A watered-down version of a bill, establishing California as the first state in the nation to adopt European-style privacy protections for its residents, won final approval from state lawmakers last week.
The original version of the bill required information gatherers to obtain a person’s written permission before providing any information about them to third parties. The new version applies only to state-maintained public records.
Gov. Gray Davis is expected to sign the Personal Information and Privacy Protection Act (SB-129), into law within the next 30 days.
The bill also establishes the Office of Privacy Protection within the state Department of Consumer Affairs to work with state agencies to protect the privacy of personal information.
“We think the bill is considerably approved from the original which we thought would be very dangerous to commerce,” said Richard A. Barton, the Direct Marketing Association’s senior vice president, Congressional Matters.
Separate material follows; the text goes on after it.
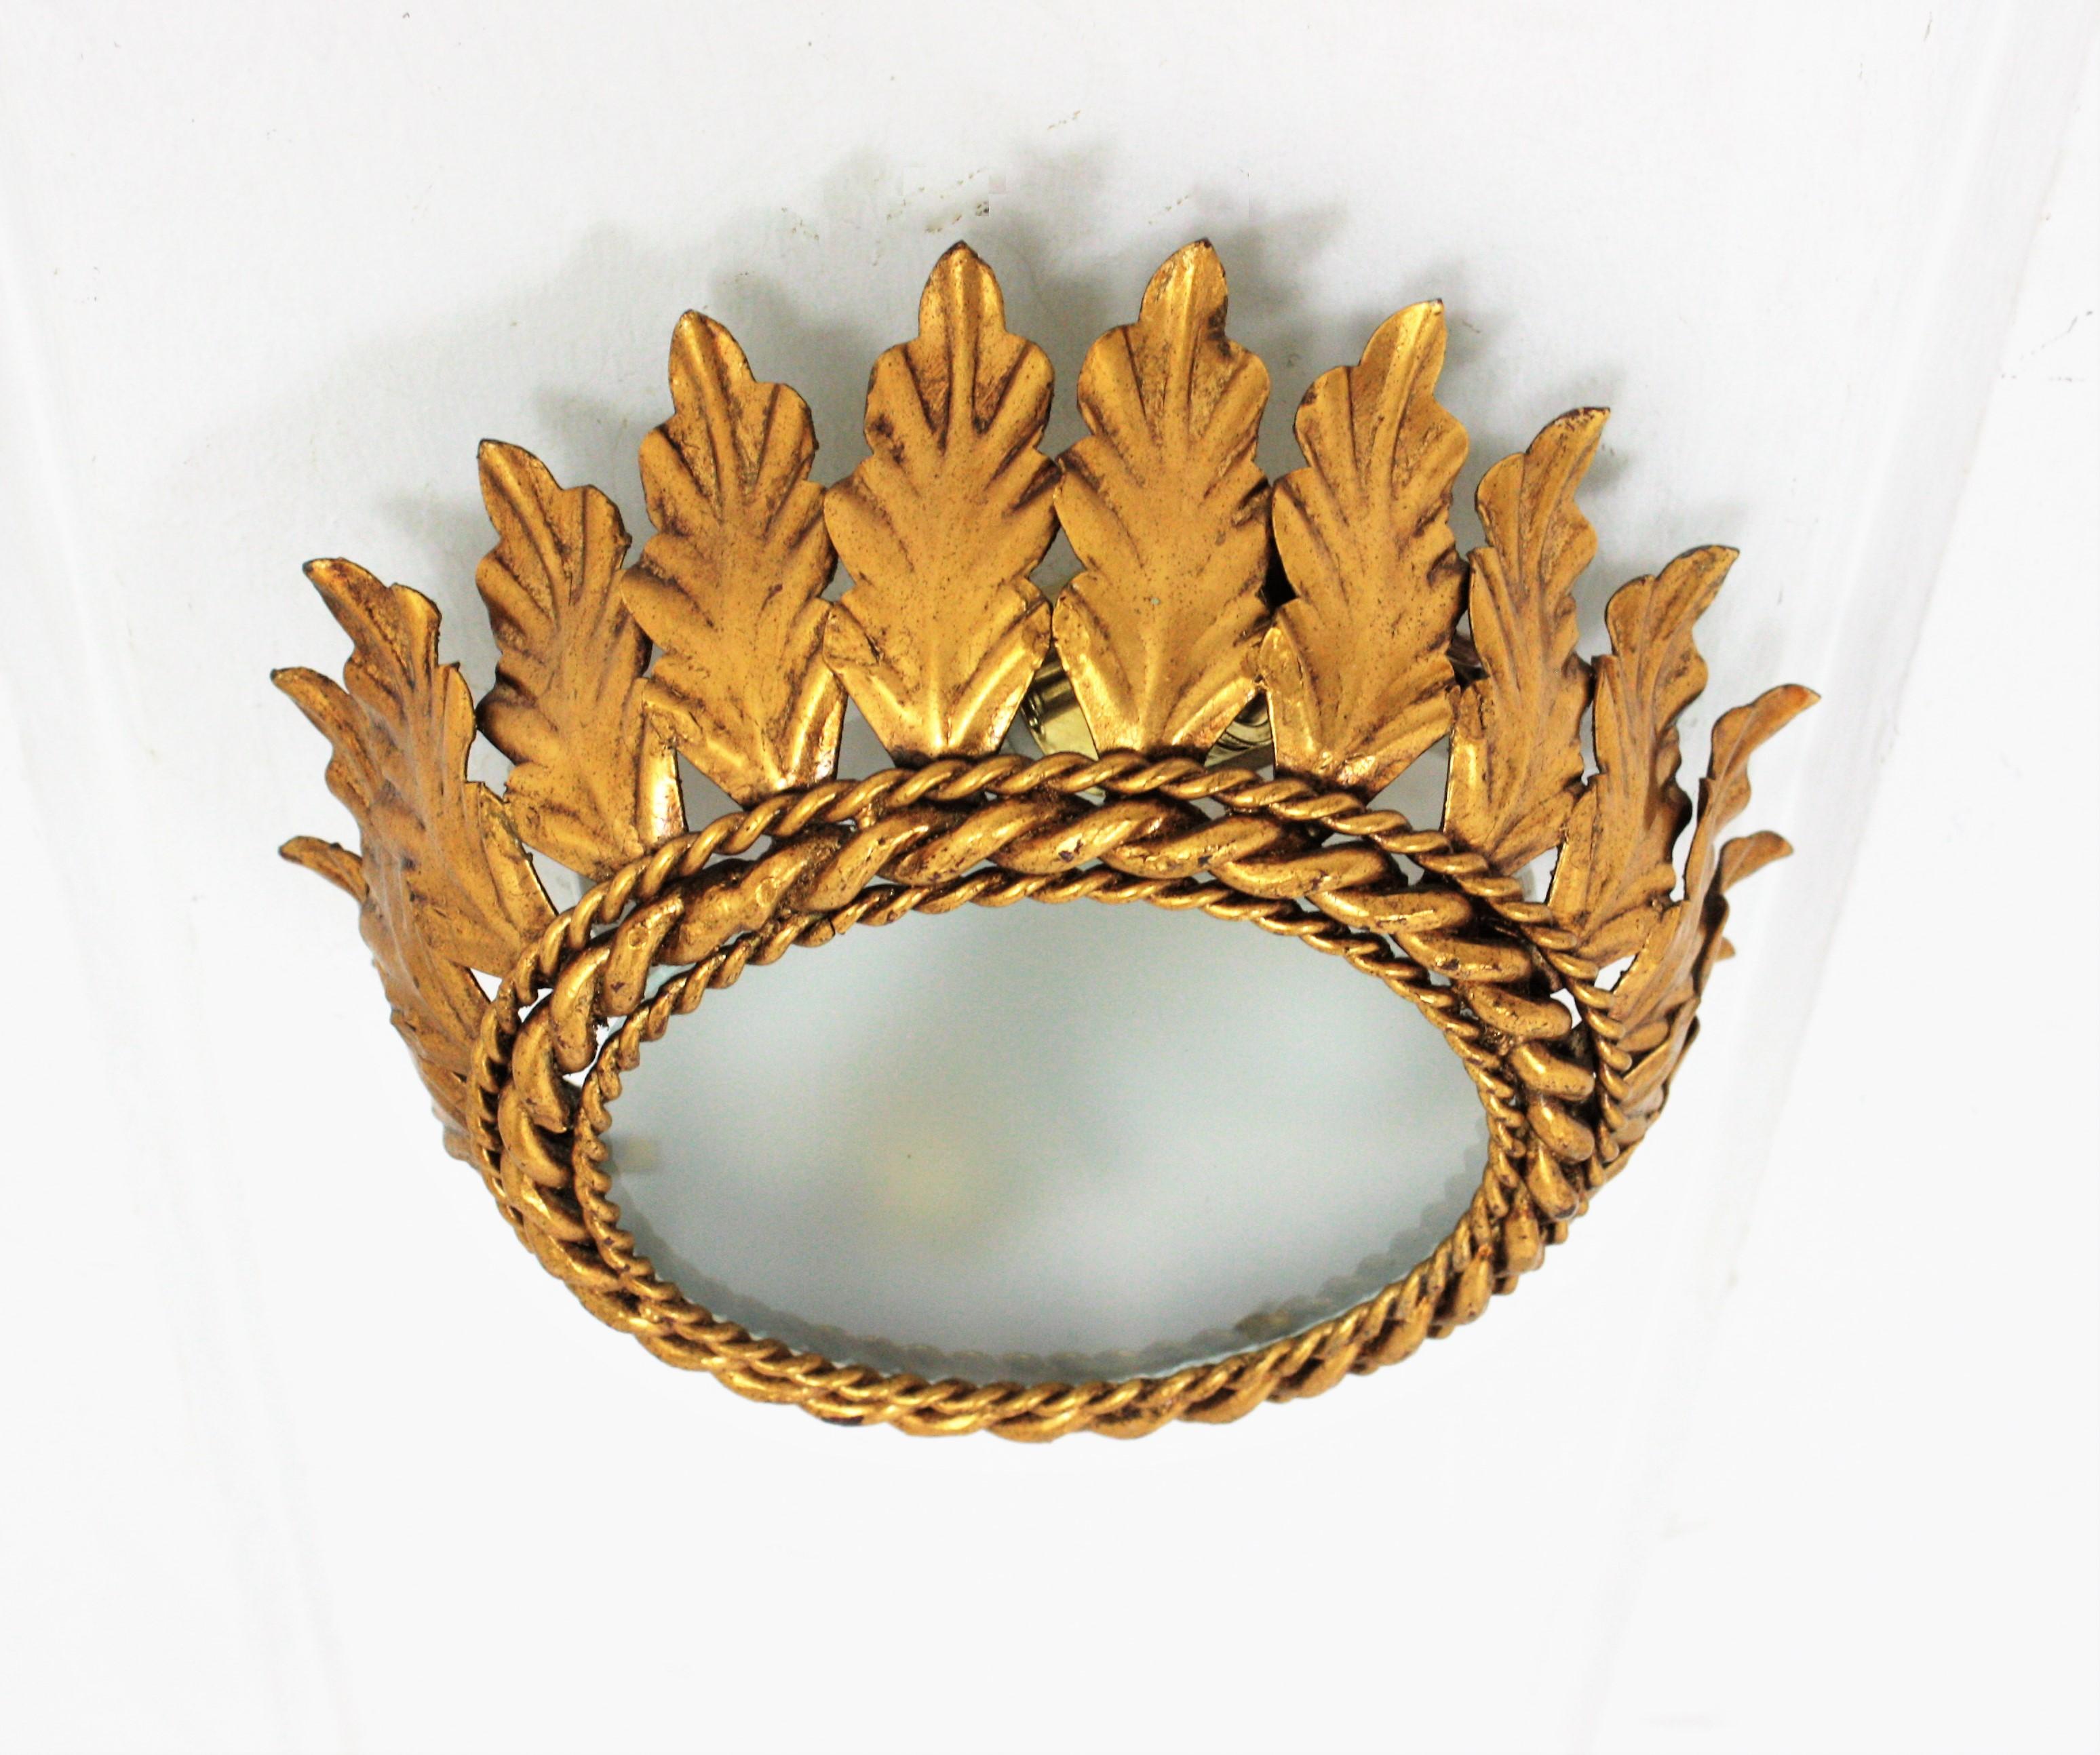 Neoclassical Revival gilt iron leafed crown flush mount with frosted glass shade. Spain, 1940s-1950s.
Handcrafted in Spain at the Mid-Century Modern period in hand-hammered metal with gold leaf gilt finishing. It shows an authentic pretty beautiful

He also said that by eliminating the opt-in provision from the bill California lawmakers “appear to recognize” that both the tradition offering consumers a chance to opt out from having their personal information shared with third parties the self-regulation policies of the DMA and the direct marketing industry are working.
Gov. Davis, in a related privacy development has signed a the Confidentiality of Medical Information Act (AB-2729) which prohibits insurance companies in the state from sharing a customer’s personal health information, including medical and genetic histories, with third parties without written authorization.